World Neurosurg 2021 02 27;146:e501-e508. Epub 2020 Oct 27.

Department of Neurosurgery, University of North Carolina School of Medicine, Durham, North Carolina, USA.

Objective: To curb the misuse of postoperative prescription opioids, the state of North Carolina enacted the Strengthen Opioid Misuse Prevention (STOP) Act of 2017 limiting the duration of initial postoperative opioid prescriptions. The purpose of this study was to evaluate the STOP Act's effect on health care resource use by comparing patient outcomes and opioid prescribing practices following elective anterior cervical discectomy and fusion (ACDF).

Methods: Outcomes and opioid prescribing data were retrospectively evaluated for Pre-Law (January 1, 2017, to December 31, 2017) and Post-Law (January 1, 2018, to December 31, 2018) elective 1- to 4-level anterior cervical discectomy and fusion patient cohorts. Outcome measures included hospital and clinic resource use in the form of emergency department visits, readmissions, major postoperative complications, number of clinic visits, or number of clinic phone calls by patients reporting uncontrolled pain or requesting new opioid prescriptions. Opioid-prescribing practices in the form of discharge prescription number of pills and total morphine milliequivalents also were recorded.

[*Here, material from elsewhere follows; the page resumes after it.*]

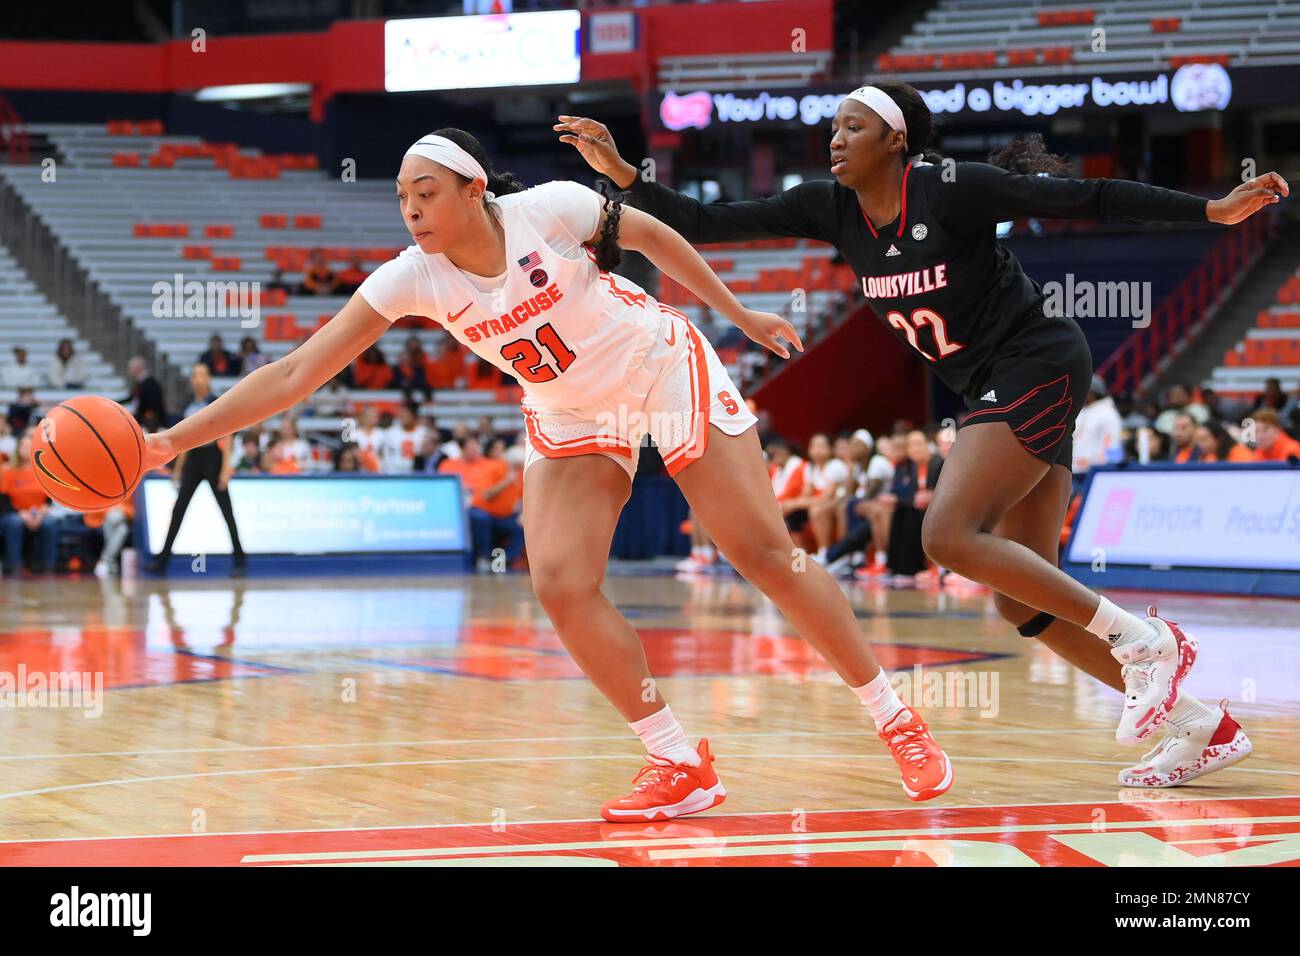 January 29, 2023: Syracuse Orange forward Saniaa Wilson (21) reaches for a loose ball as Louisville Cardinals forward Liz Dixon (22) defends during the second half of an NCAA WomenÕs basketball game on Sunday Jan. 29, 2023 at the JMA Wireless Dome in Syracuse, New York. Louisville won 79-67. Rich Barnes/CSM Stock Photo

Results: Surrounding the STOP Act's implementation, there was no significant difference (P > 0.05) in emergency department visits, readmissions, major complications, number of postoperative clinic visits, or number of clinic phone calls for uncontrolled pain or new prescription requests. There was a significant decline in mean discharge prescription number of pills (89.7 vs. 67.0, P < 0.001), and average morphine milliequivalents (683.4 vs. 509.6, P < 0.001).

Conclusions: This may reflect overprescribing in this population, where larger opioid prescriptions were likely not needed to manage pain that would otherwise require a return to care.